Can get three-dimensional rotation angle [alpha], β, γ by normal F, respectively the anglec of rotation of corresponding X, Y, Z axle.
K is the slope of canthus point e1e2 straight line in the picture plane, as shown in Figure 8.
K=(y2-y1)/(x2-x1)。
As shown in Figure 3, in the method for the present invention, wherein, described step of carrying out the processing of unique point estimation of Depth comprises:
The step of face-image feature point extraction; This step is to adopt active shape model (ASM) to locate face characteristic; Shown in the frame among Fig. 3 301;
The step that the illumination texture information extracts; Shown in the frame among Fig. 3 302;
The step of neural network training; Shown in the frame among Fig. 3 303;
Estimate each unique point degree of depth (Z) and obtain the step of each point three-dimensional coordinate; Shown in the frame among Fig. 3 304.

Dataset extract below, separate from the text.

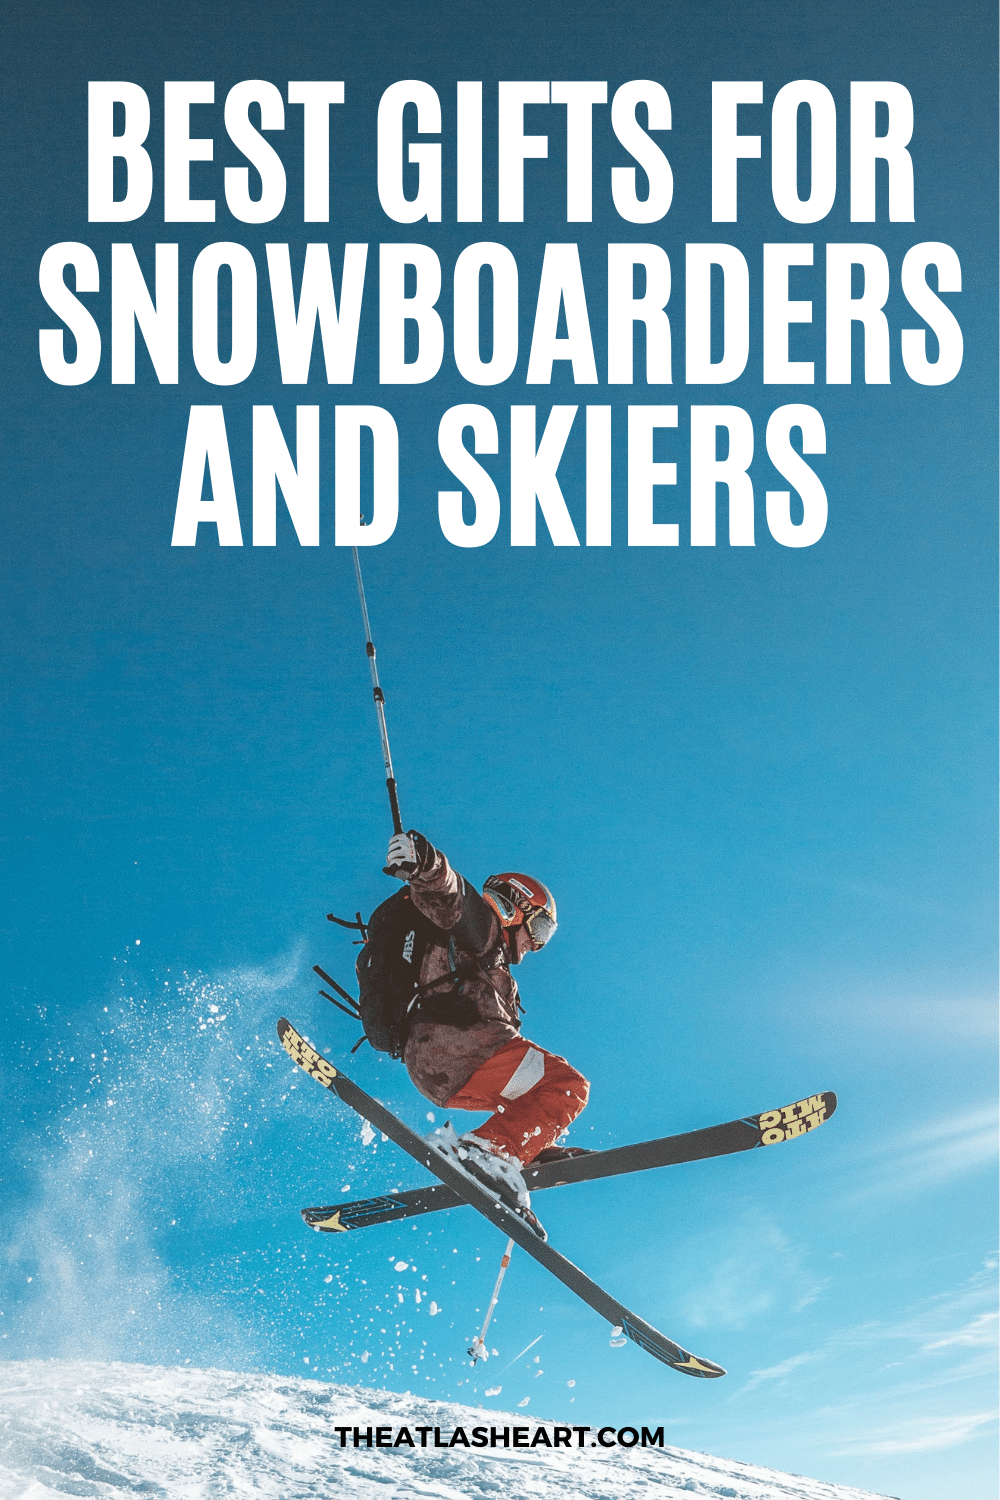 31 Best Gifts for Snowboarders and Skiers (That They’ll Actually Use)

In the step 301, adopt active shape model (ASM) to locate face characteristic, can adjust manually in case of necessity.
The two-dimensional coordinate of the human face characteristic point of all location is noted, and calculated the Euclidean distance (Euclidean distance) of each point, and longest distance in people's face, promptly the forehead unique point is set to L to the chin unique point.
In the step 302, the forward facial image that system is imported carries out the texture information extraction.
Wherein the leaching process of texture is as follows:
Colour picture is divided into Y (brightness), Cr (colourity r), Cb (colourity b) trivector according to three color spaces of YCrCb, and calculate the vector of this point according to the YCrCb color component of the peripheral pixel of this picture element, calculate the phase difference that waits direction up and down of its point, if the color no change, then its value is 0.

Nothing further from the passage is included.